You must run the set odps.sql.allow.fullscan=true; command in MaxCompute to set the project property that allows full table scans.

DTS stores both incremental data and metadata in the incremental data table. The following is an example.

Note

In this example, modifytime_year, modifytime_month, modifytime_day, modifytime_hour, and modifytime_minute are partition fields specified in the Configure synchronization policies and objects step.

Schema definition

Field	Description
record_id	The unique ID of the incremental log record. Note The ID is unique and auto-incrementing. For UPDATE operations, the change is split into two records (before-image and after-image) with the same `record_id`.
operation_flag	The operation type. Valid values: I: INSERT operation. D: DELETE operation. U: UPDATE operation.
utc_timestamp	The operation timestamp (in UTC), which is the binlog timestamp.
before_flag	Indicates whether all column values are pre-update values (the before-image). Valid values: Y or N.
after_flag	Indicates whether all column values are post-update values (the after-image). Valid values: Y or N.

The before_flag and after_flag fields

The before_flag and after_flag values depend on the operation type:

INSERT

All column values are newly inserted values (post-update). before_flag=N, after_flag=Y.
UPDATE

DTS splits an UPDATE into two log records with the same record_id, operation_flag, and utc_timestamp.

The first record contains pre-update values (before_flag=Y, after_flag=N). The second contains post-update values (before_flag=N, after_flag=Y).
DELETE

All column values are deleted values (pre-update). before_flag=Y, after_flag=N.

Example: Merge full and incremental data

After data synchronization completes, DTS creates a full baseline table and an incremental data table in MaxCompute. Run SQL commands to merge these tables and obtain the full data at a specific point in time.

This example uses a customer table with the following schema.

In MaxCompute, create a table to store the merged result. This table's schema must match that of the source table.
For example, to get the full data of the customer table at timestamp 1565944878, create a result table:
```
CREATE TABLE `customer_1565944878` (
    `id` bigint NULL,
    `register_time` datetime NULL,
    `address` string);
```
Note
- You can run SQL commands in the ad hoc query feature of MaxCompute.
- For MaxCompute data types, see Data types.

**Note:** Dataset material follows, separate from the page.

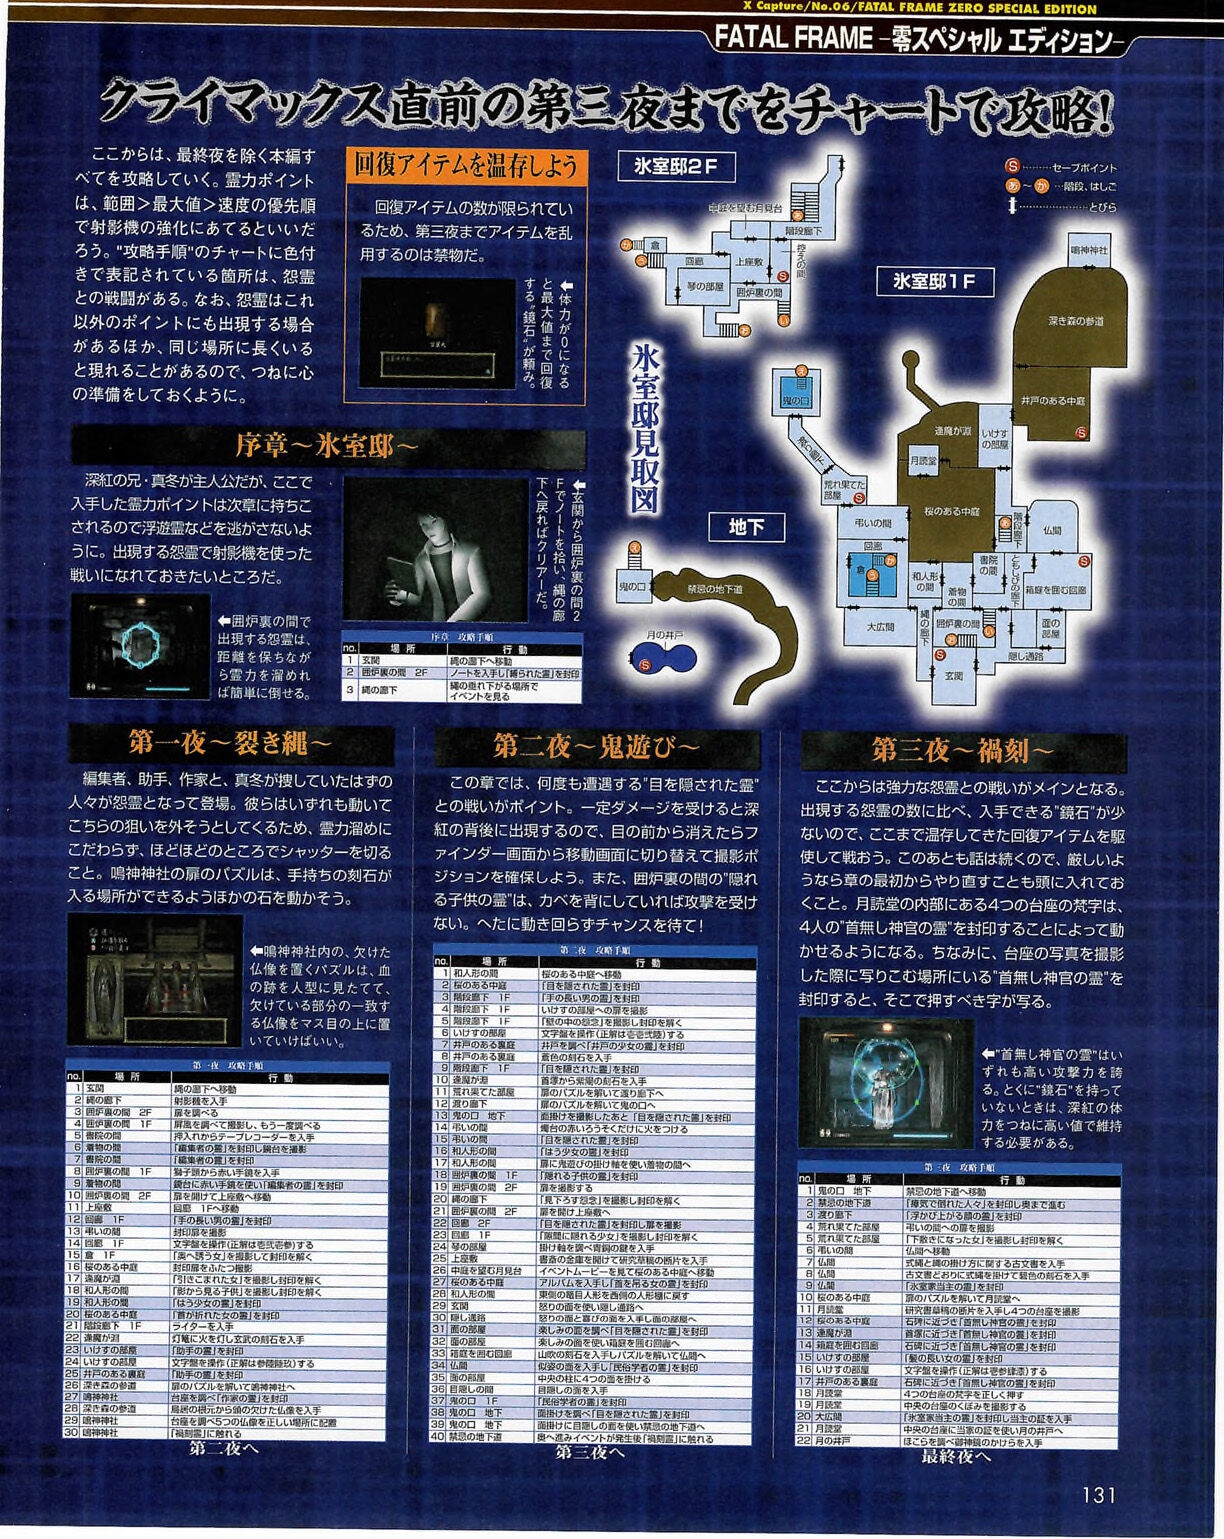 Famitsu_Xbox_2003-04_jp2 130

In MaxCompute, run the following SQL command to merge the full baseline table with the incremental data table to obtain the full data at a specific point in time.

set odps.sql.allow.fullscan=true;
insert overwrite table <result_storage_table>
select <col1>,
       <col2>,
       <colN>
  from(
select row_number() over(partition by t.<primary_key_column>
 order by record_id desc, after_flag desc) as row_number, record_id, operation_flag, after_flag, <col1>, <col2>, <colN>
  from(
select incr.record_id, incr.operation_flag, incr.after_flag, incr.<col1>, incr.<col2>,incr.<colN>
  from <table_log> incr
 where utc_timestamp< <timestamp>
 union all
select 0 as record_id, 'I' as operation_flag, 'Y' as after_flag, base.<col1>, base.<col2>,base.<colN>
  from <table_base> base) t) gt
where row_number=1 
  and after_flag='Y'

Note

<result_storage_table>: The name of the table that stores the merged result set.
<col1>/<col2>/<colN>: The column names in the synchronized table.
<primary_key_column>: The name of the primary key column in the synchronized table.
<table_log>: The name of the incremental data table.
<table_base>: The name of the full baseline table.
<timestamp>: The point in time for which to retrieve the full data.

Example: merge tables to get the full customer data at timestamp 1565944878:

set odps.sql.allow.fullscan=true;
insert overwrite table customer_1565944878
select id,
       register_time,
       address
  from(
select row_number() over(partition by t.id
 order by record_id desc, after_flag desc) as row_number, record_id, operation_flag, after_flag, id, register_time, address
  from(
select incr.record_id, incr.operation_flag, incr.after_flag, incr.id, incr.register_time, incr.address
  from customer_log incr
 where utc_timestamp< 1565944878
 union all
select 0 as record_id, 'I' as operation_flag, 'Y' as after_flag, base.id, base.register_time, base.address
  from customer_base base) t) gt
 where gt.row_number= 1
   and gt.after_flag= 'Y';

Query the merged data in the customer_1565944878 table.